The weighted mean estimate of these twelve models is 0.12 years with a confidence interval ranging from 0.03 to 0.19 years. This does not include my average estimate of 0.24 years from the conventional analysis above! Let’s look at the robustness of this estimate by exhausting all researcher degrees of freedom.

plot_rdf_estimate_density(ests, "est", "lb", "ub", color = "lightblue") +
  theme_minimal()
Estimate density for all researcher degrees of freedom

Figure 1: Estimate density for all researcher degrees of freedom

Now this provides quite a range of estimates, ranging from -0.35 to 0.92 years! To understand why the estimates vary across protocols, rdfanalysis provides some simple helper functions to generate visual displays of the data. For example, to see the impact of the fixed effect structure on the findings:

plot_rdf_ridges_by_dchoice(ests, "est", "feffect", hist = TRUE, 
                           scale = 0.9, fill = "lightblue", color = NA)
Estimates by fixed effect structure

Figure 2: Estimates by fixed effect structure

Or, to see how the model specification affects the findings:

plot_rdf_ridges_by_dchoice(ests, "est", "model_type", hist = TRUE, 
                           scale = 0.9, fill = "lightblue", color = NA)
Estimates by model specification

Figure 3: Estimates by model specification

You can drill down to the single protocol level by limiting your analysis on certain dimensions. As an example: Below you see a visual that displays how outlier treatments affect the findings of models based on the sparse sample, log-transformed independent variables, country and year fixed effects and two-way clustered standard errors that include only GDP per capita and years of schooling as independent variables.

ests %>%
  filter(na.omit == "no",
         idvs == "gdp_school",
         model_type == "level-log" | model_type == "log-log",
         feffect == "ctryyear",
         cluster == "ctryyear") %>%
  plot_rdf_estimates_by_choice("est", "lb", "ub", "outlier_tment_style", 
                               color = "model_type", order = "outlier_cutoff", width = 0.008)
Outlier effects

Figure 4: Outlier effects

Compare these insights about the robustness of our estimate to the insights that you can obtain from traditional robustness sections. I hope that you agree with me that there is an improvement.

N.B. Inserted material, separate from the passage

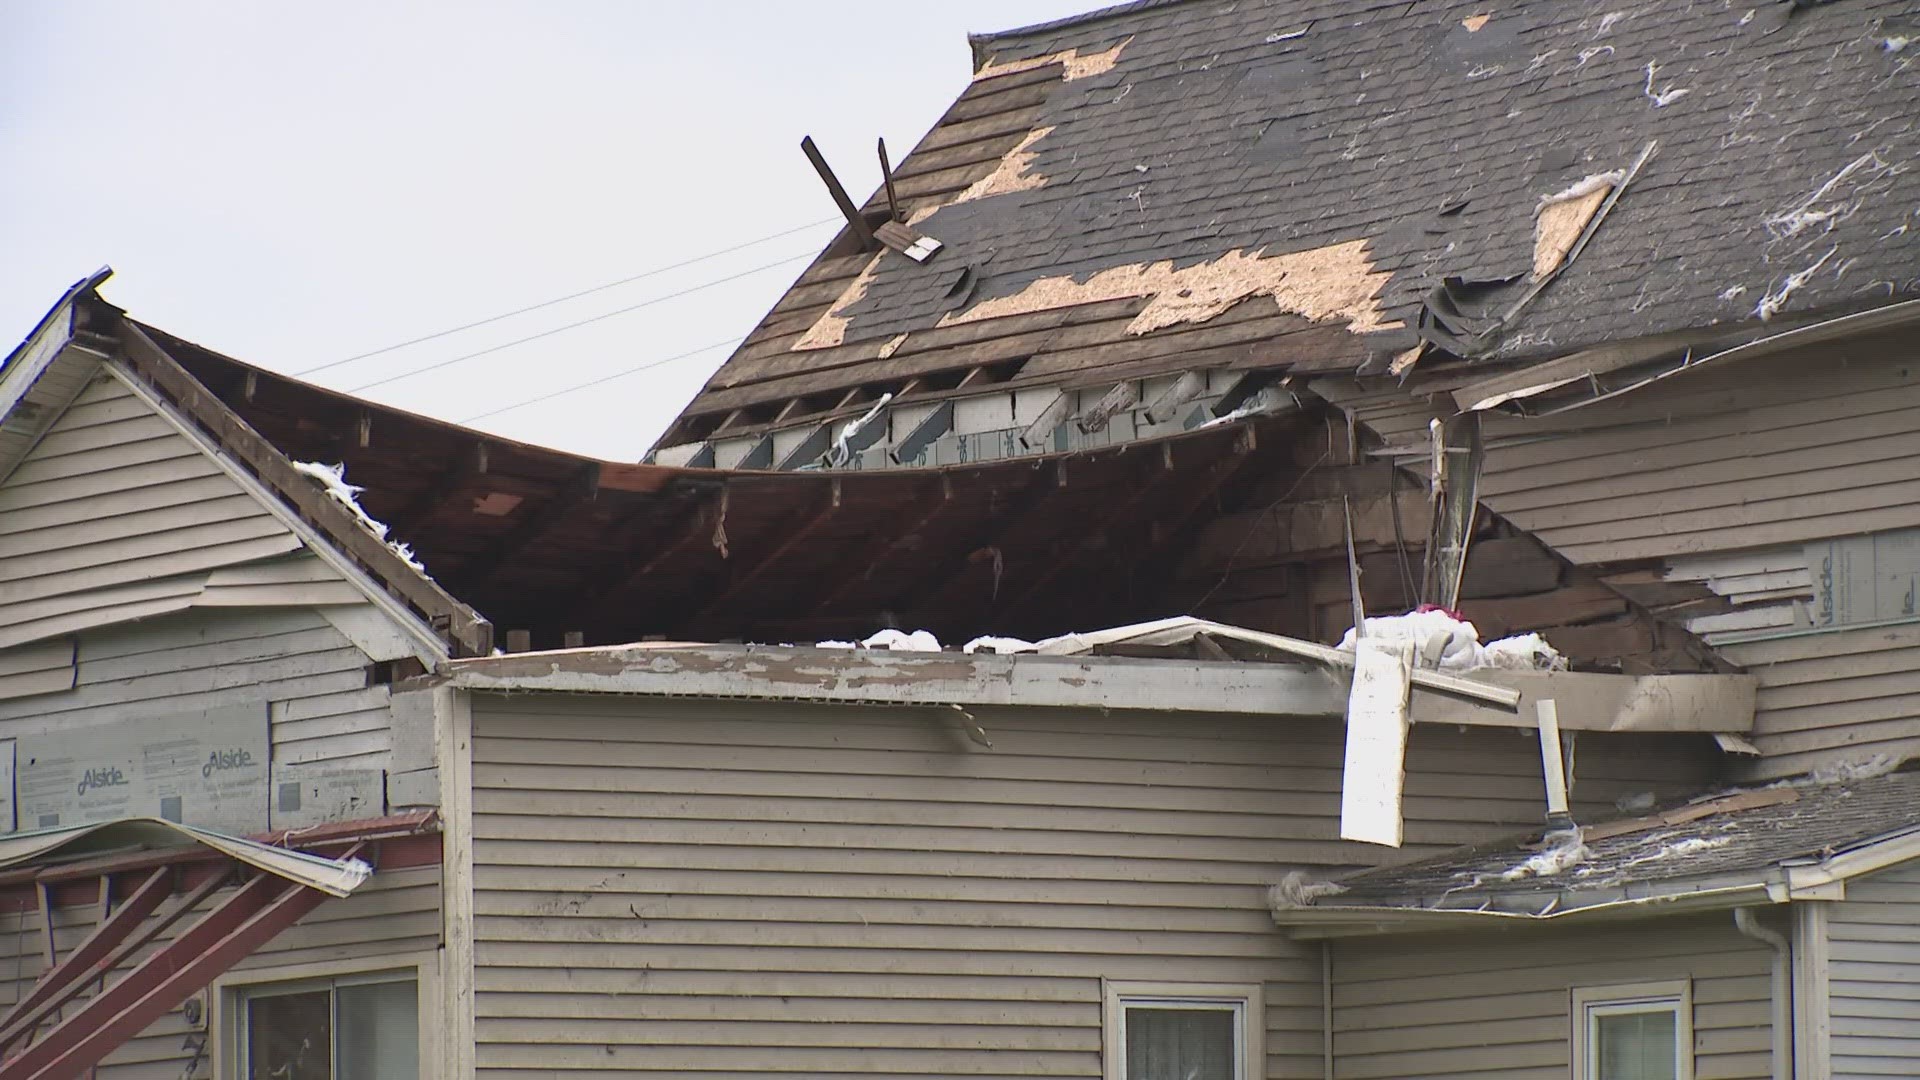 Fund payments will be given to Windham residents who go through an application process. No one was injured in the EF-1 tornado, but several houses were destroyed.

By the way, if you are more of the “see-for-yourself playful” type, this kind of analysis can be accompanied by tools for interactive data and results exploration. See here for an example that allows you to explore the underlying data and re-construct the protocols of this analysis on the fly. The shiny app is based on another project of mine, the ExPanDaR package.

Taken together, I hope that these tools will help us make our findings more insightful. If you have remarks about the rdfanalysis package or this project in general, I would love to hear from you. Feel free to comment below. Alternatively, you can reach me via email or twitter.

Enjoy!


  1. Conditional on the structure of the problem at hand, one can do much better in combining the insights from the different protocols than just generating a weighted average of their estimates. The literature on “model averaging” provides useful pointers.